Tdarcos wrote:So they're getting there, and it keeps getting better all the time, but Linux still has problems with being transparently usable the way Windows routinely is.
Your right: Where are my multiple 3D work spaces in Linux? Oh wait...
Lets also completely ignore Gnome 2, Gnome 3, KDE, Unity, Ion, etc. as "baby OSes, that I'm obviously qualified to completely discard out of hand."
And you might try learning to use the correct terms and know what you are talking about.
None of those are operating systems. They are
all desktop environments for X. (I originally thought they were window managers; they are not.)
Or rather, since you lumped them together I'm presuming Unity and ION are also desktop environments although one of the websites I visited which lists desktops and window managers for X doesn't list Unity or Ion.
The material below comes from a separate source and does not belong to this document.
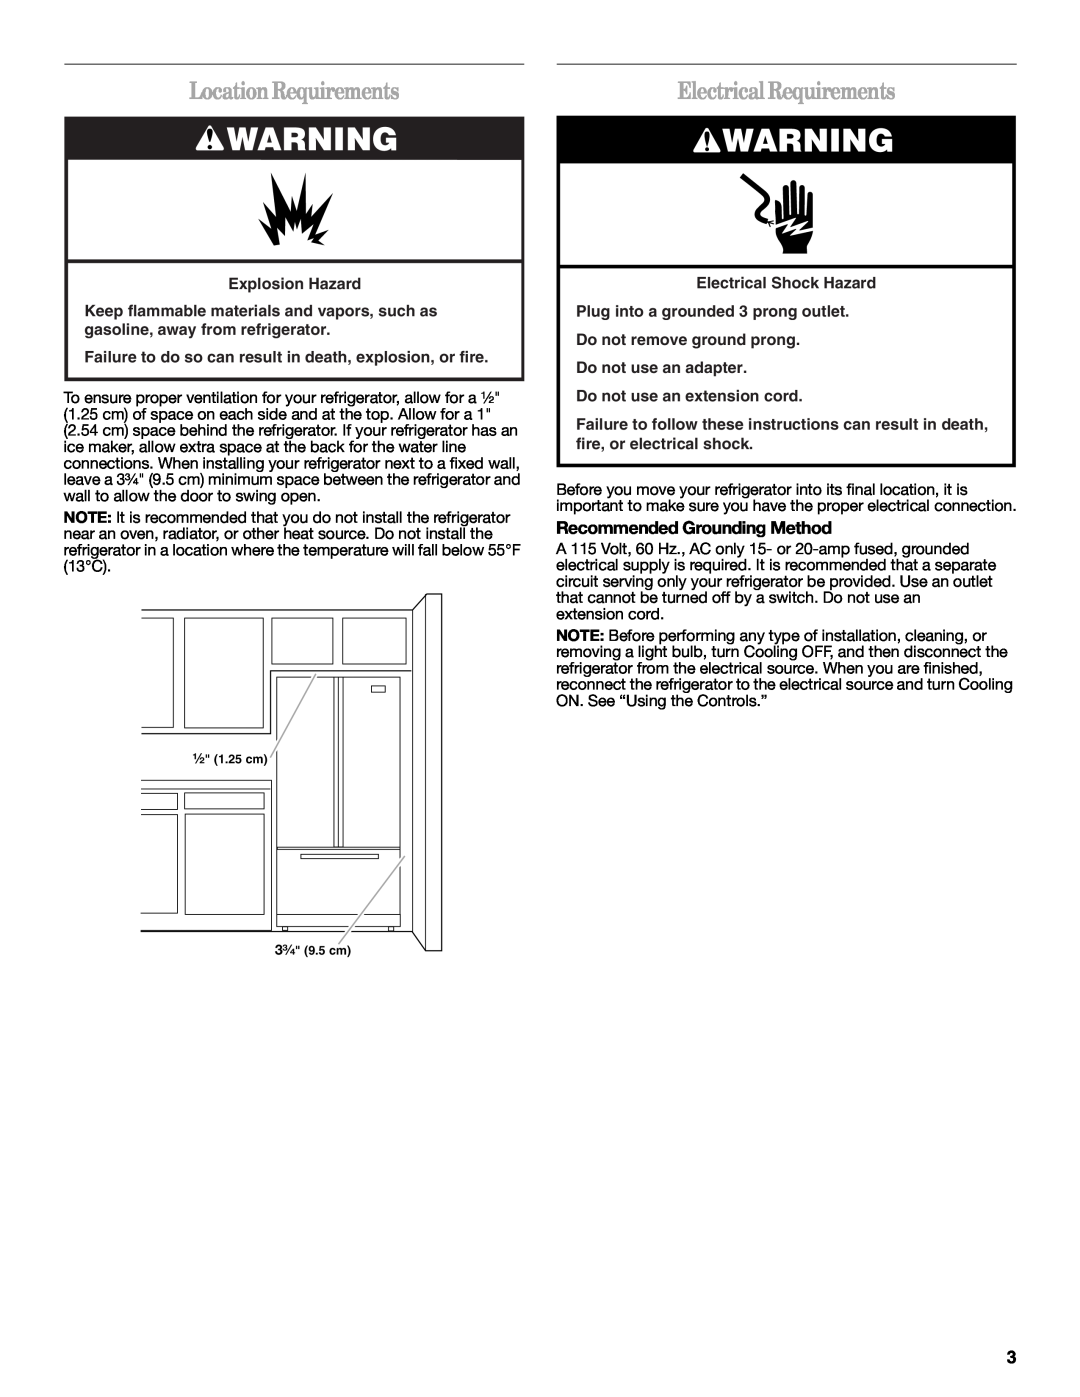 Whirlpool W10314956B LocationRequirements, Electrical Requirements, Recommended Grounding Method, Explosion Hazard

They are application programs that operate the user's desktop on X Windowing System and run with X, which itself is an application program that runs on an operating system.
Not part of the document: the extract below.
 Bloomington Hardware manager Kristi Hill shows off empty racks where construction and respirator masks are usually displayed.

What exactly are you smoking? Do you have a medical license for it?
And another incompetent who can't think shows his true stripes by hauling out the old and tired ad-hominem treatment because he knows he's incapable of honest conversation.
Tdarcos wrote:Of course, the reason being the billions of dollars spent on Windows and the relatively minor amounts of money in comparison available for Linux.
Urgh?
Again, it's a chicken-and-egg problem, there aren't that many things available for ordinary desktop users to do the things they want (there isn't a lot of money available to release Linux ports of PC games, so almost all of them are Windows only), plus most of the development effort in desktop applications goes toward Windows, plus Microsoft makes money selling Windows - which it can thus offer incentives to manufacturers to continue to offer it on their machines - and it's pre-loaded on machines (and Microsoft pulls every stunt it can think of - legal or otherwise - to try to keep manufacturers from putting Linux on their boxes). Thus there's a big pile of resources to support Windows. Linux, not so much.